Experts also are concerned about the open-market nature of the Internet. They say it is unfair to give an edge to people who are simply better at recruiting donors over others who are sicker and ranked higher on the national waiting list.

“We’re trying to keep the playing field as level as possible,” said Dr. Mark Fox, chairman of the ethics committee of the United Network for Organ Sharing, the national transplant network.

“I don’t think the fact that you can write the most appealing ad or got lucky and found someone on the Internet should give you special consideration,” Fox said.

Traditionally, patients who need transplants have waited on the national list for an organ donated by someone who died. Patients are ranked by a complex formula.

Lowney does not agree that giving an organ to one person is unfair just because someone else might be in greater need. The bottom line, he said, is, “You’re giving life to someone.”

The network has approved a resolution suggesting that donations from “altruistic donors” go to the next person on the list. But this is simply a recommendation, with no enforcement envisioned, Klein said.

Living donation has inherent ethical issues as healthy people are having surgeries that will do them no good. There are real medical risks to the donor that are not well documented and not consistently explained.

Still, the number of living donors has climbed steadily over the past few years to 6,811 last year, with living donors now outnumbering dead ones.

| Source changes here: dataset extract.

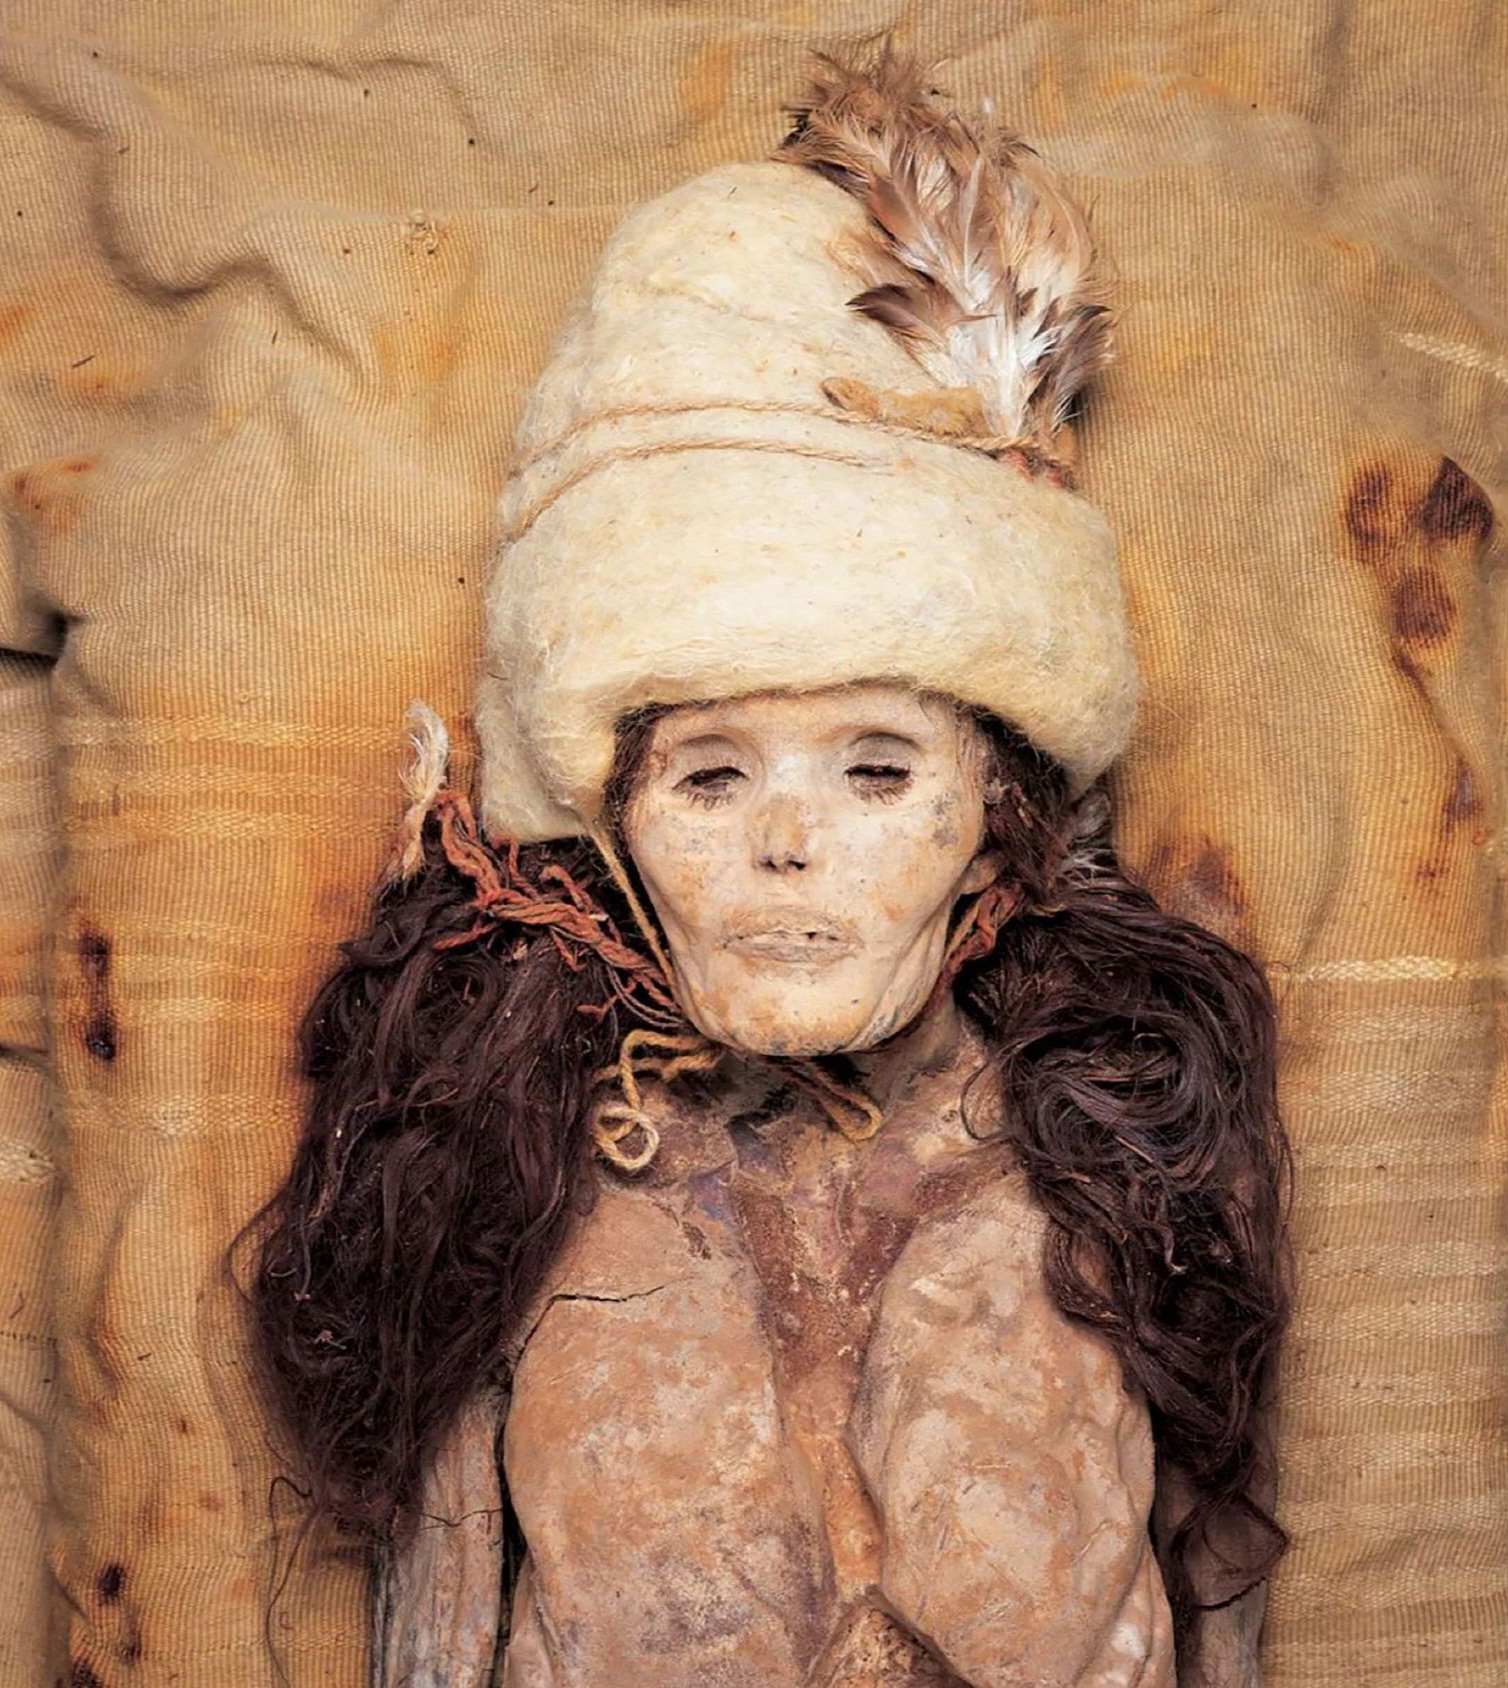 Mystiske mumier fundet i kinesisk ørken har en uventet oprindelse knyttet til Sibirien og Amerika 1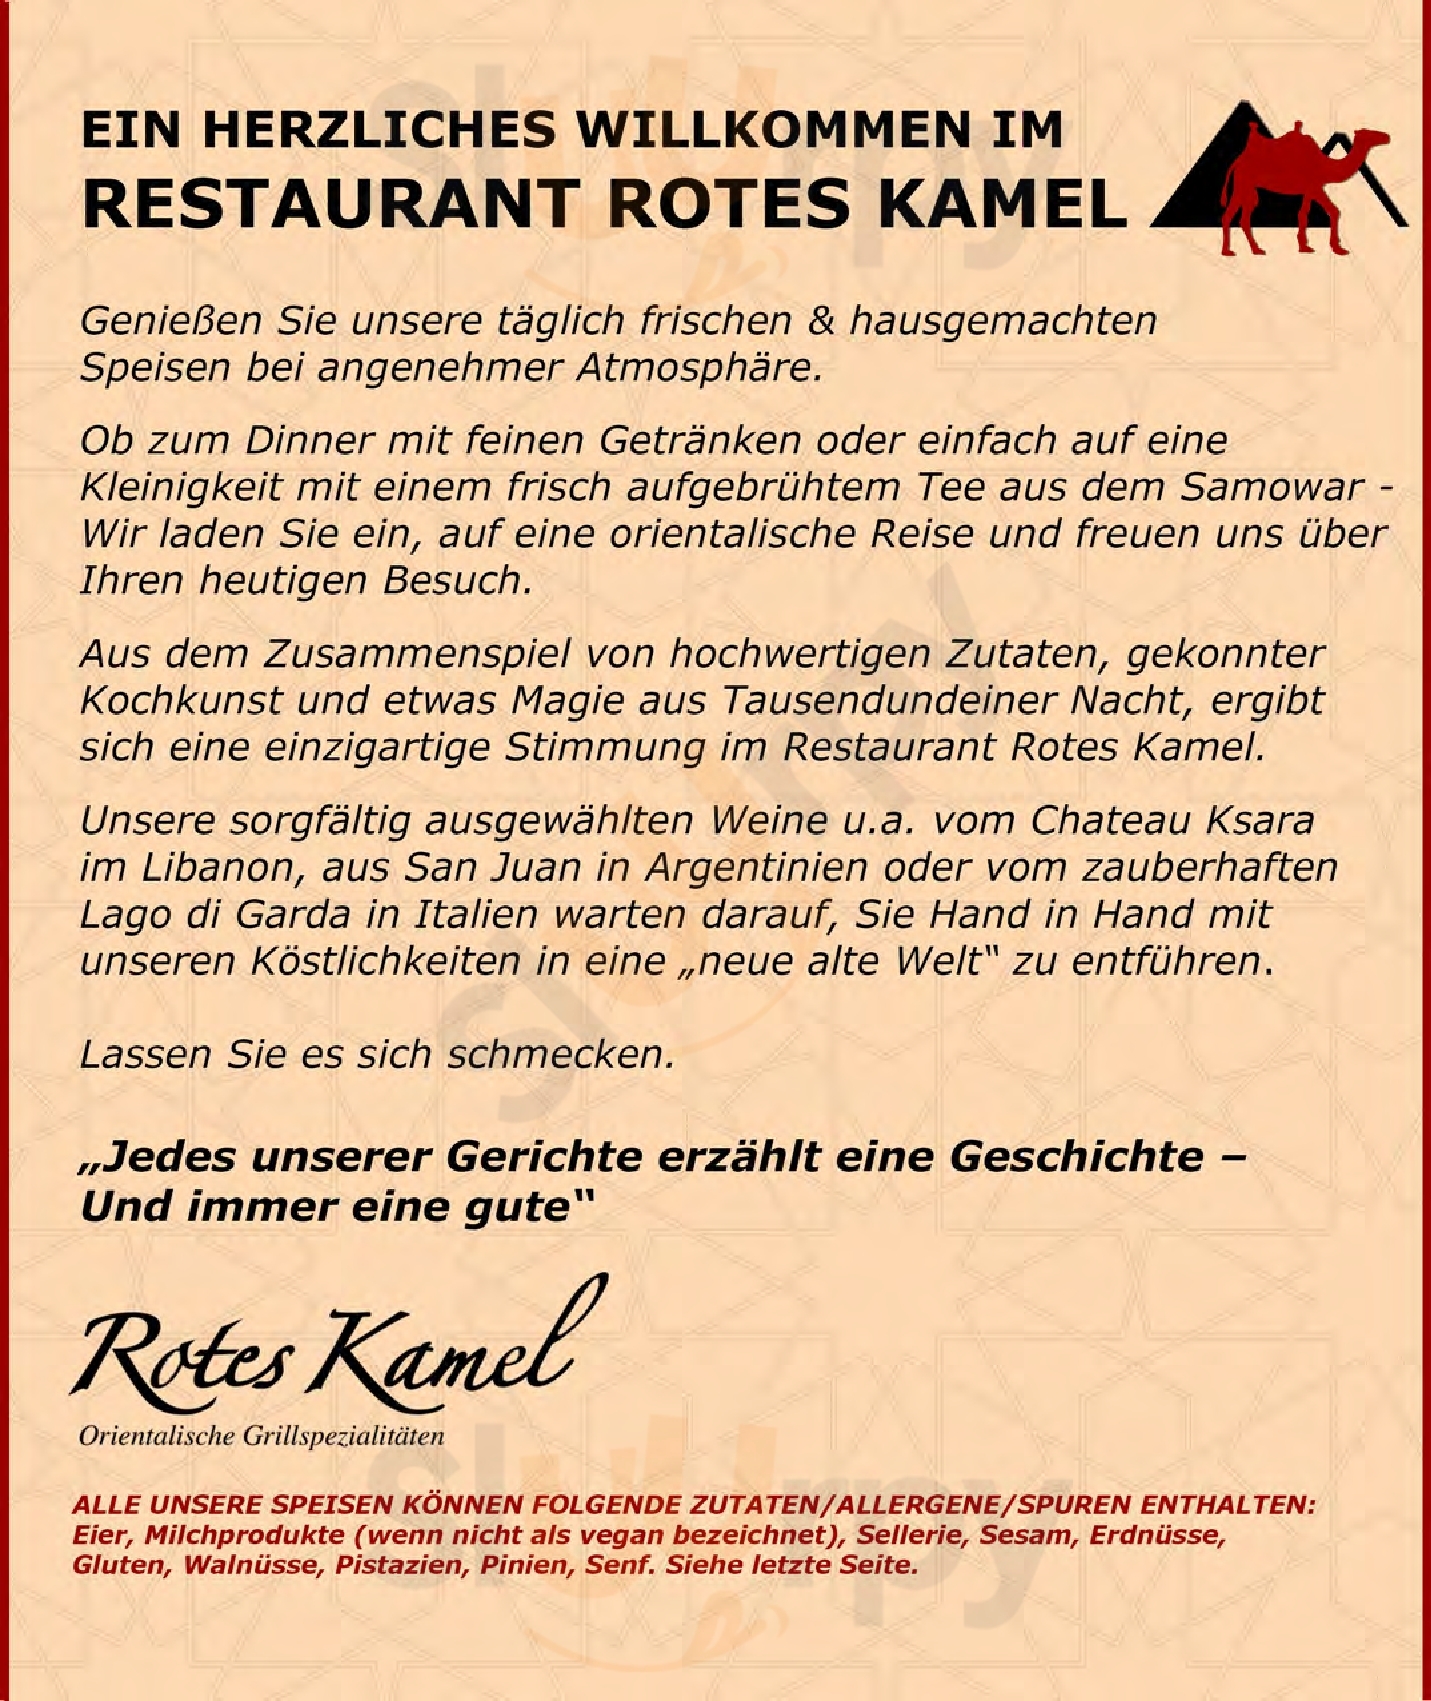 Rotes Kamel Berlin Menu - 1

The vast majority of living donors give a kidney, which is relatively safe because people typically have two kidneys and only need one.

Also, research has found that kidneys from the living are just as good, if not better, than those from the dead, and that matches do not have to be medically exact to be successful. Laparoscopic surgery, where the kidney is removed through a small incision, has reduced the pain and recovery time for the donor.

About 5 percent of living donors gave a piece of liver. In this operation, each part of the liver grows into a whole organ.

Few people have given a piece of lung, which is combined with another slice of lung from a second donor to transplant into the patient.